- Data listing
###

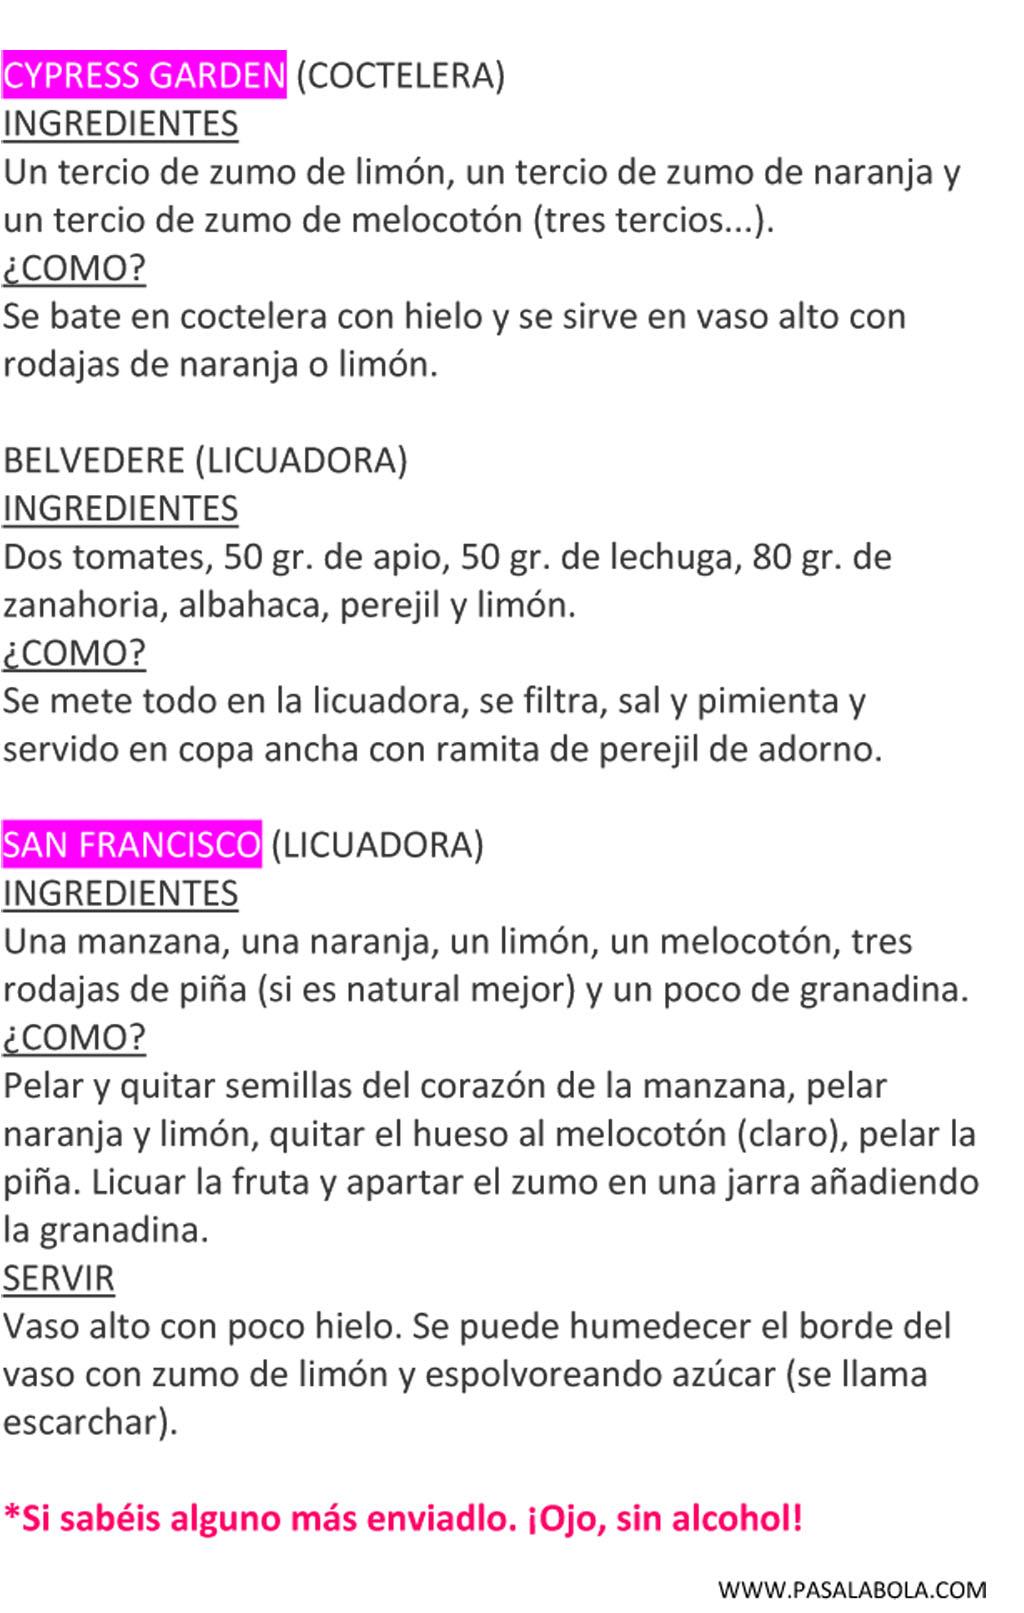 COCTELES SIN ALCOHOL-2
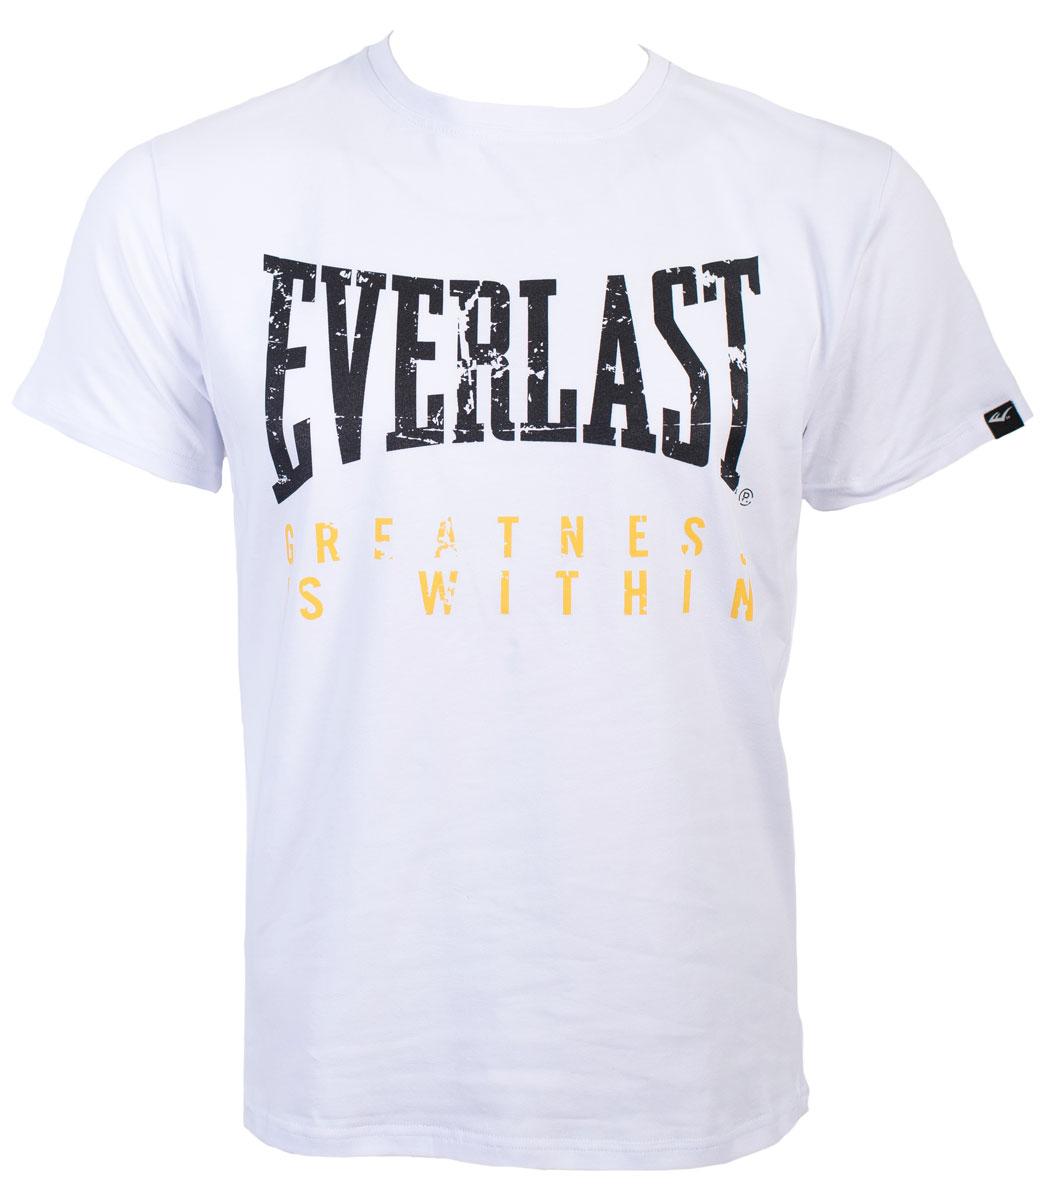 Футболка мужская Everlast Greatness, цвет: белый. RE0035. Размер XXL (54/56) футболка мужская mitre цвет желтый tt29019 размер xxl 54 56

###

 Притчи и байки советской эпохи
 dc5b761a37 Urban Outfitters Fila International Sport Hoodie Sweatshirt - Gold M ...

###

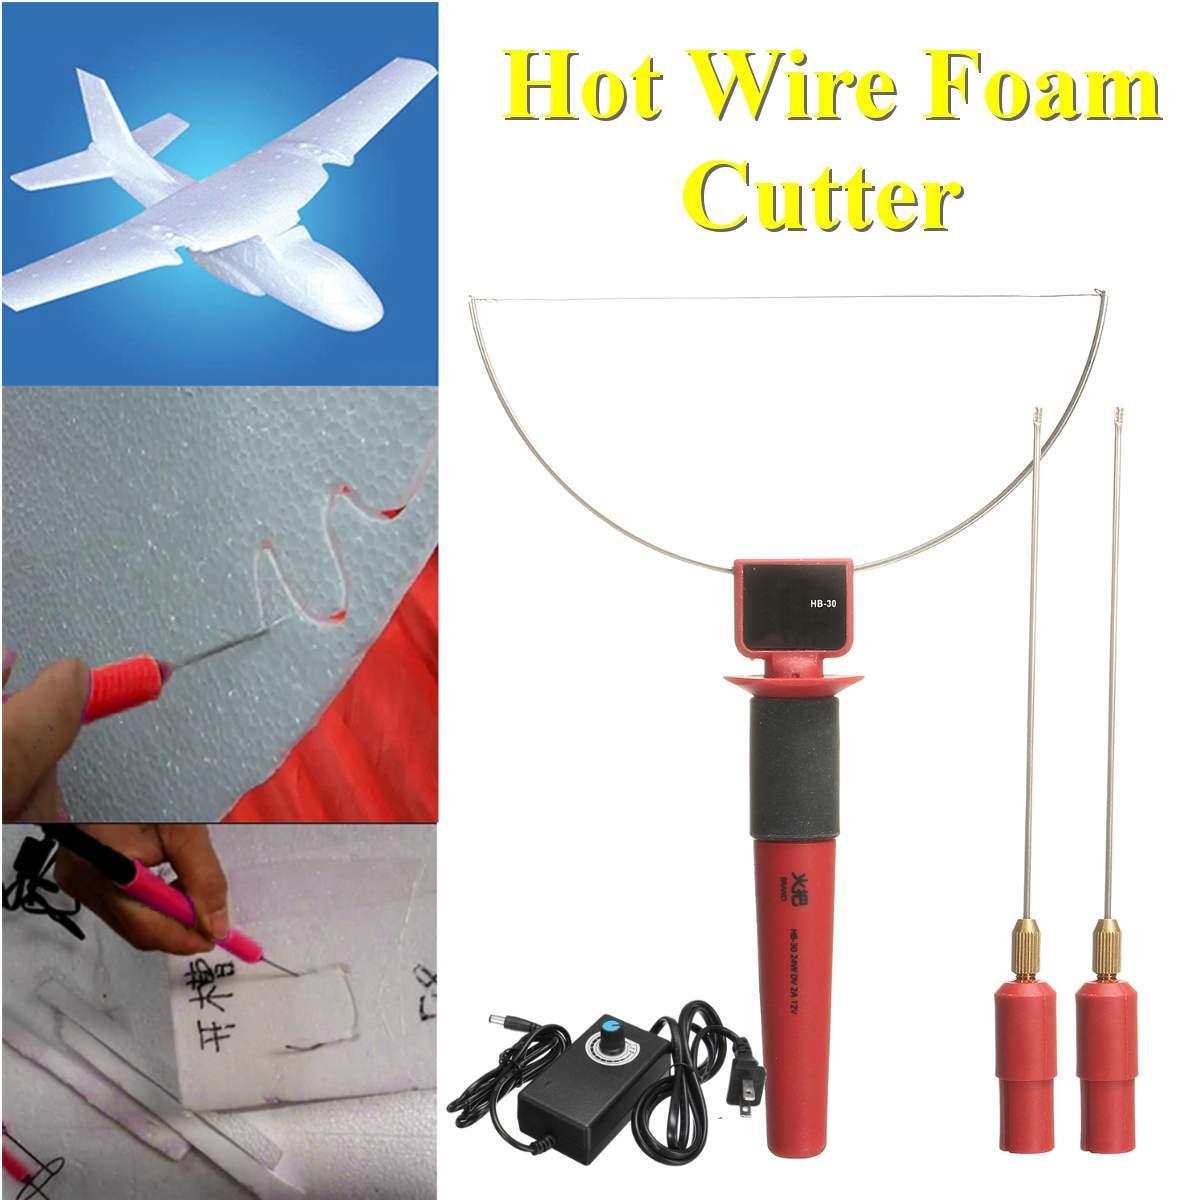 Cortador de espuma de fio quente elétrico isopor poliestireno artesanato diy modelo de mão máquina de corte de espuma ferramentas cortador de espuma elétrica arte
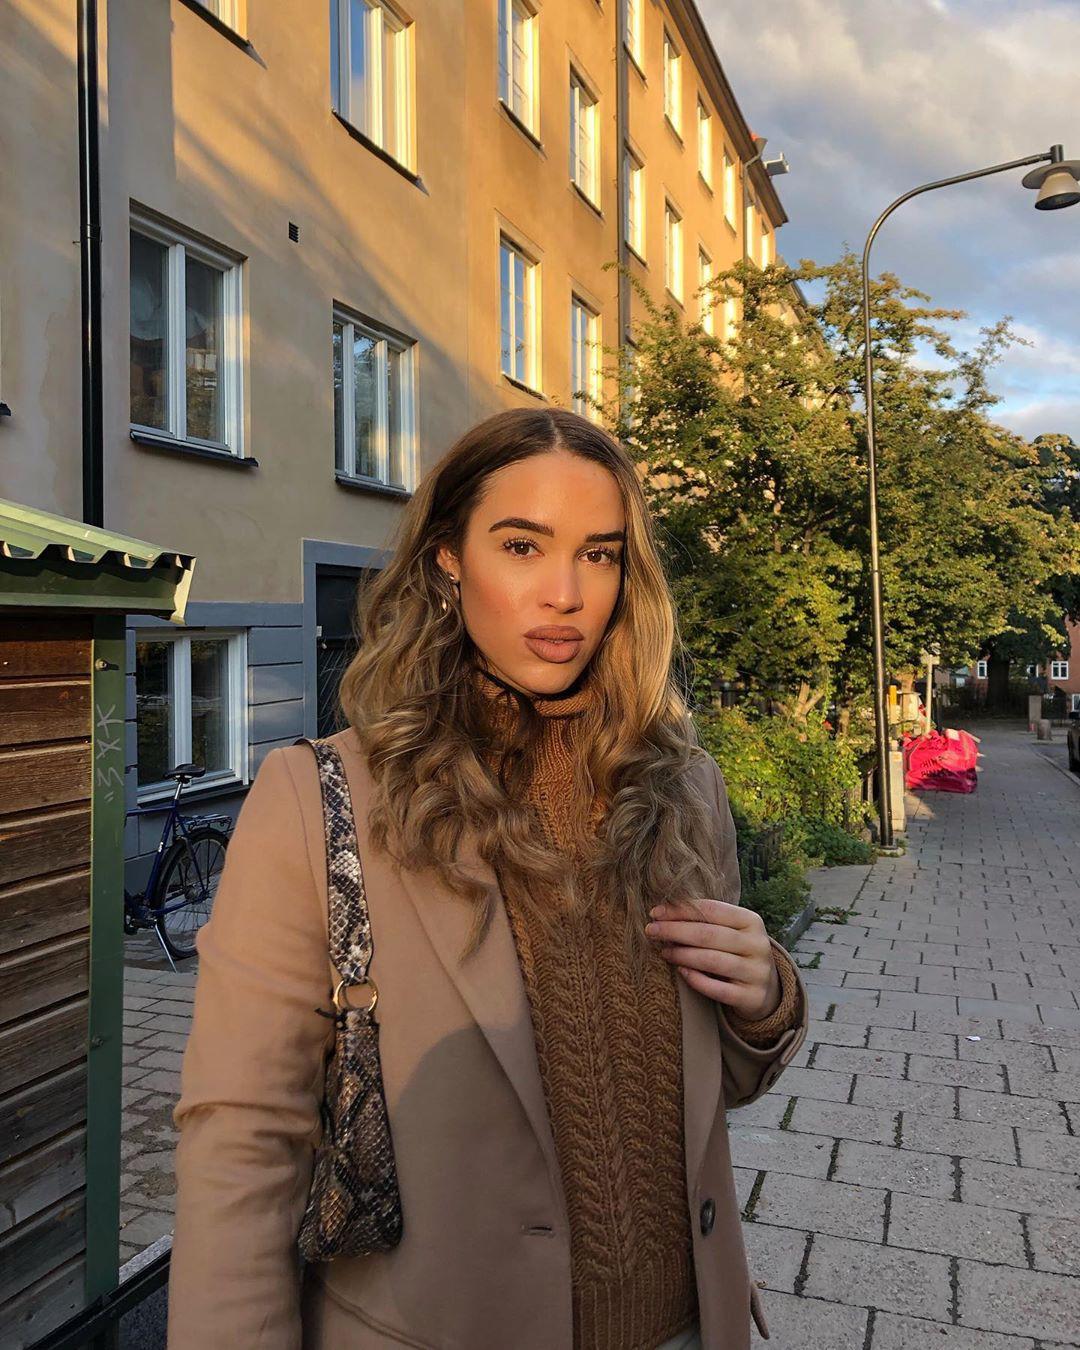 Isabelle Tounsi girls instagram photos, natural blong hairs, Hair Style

###

Copy out exactly the lines above beginning with the line that contains "COCTELES SIN ALCOHOL-2" and finishing with the line that contains "Футболка мужская Everlast", including both; leave the pictures out.

- Output for this exercise
 COCTELES SIN ALCOHOL-2
 Футболка мужская Everlast Greatness, цвет: белый. RE0035. Размер XXL (54/56) футболка мужская mitre цвет желтый tt29019 размер xxl 54 56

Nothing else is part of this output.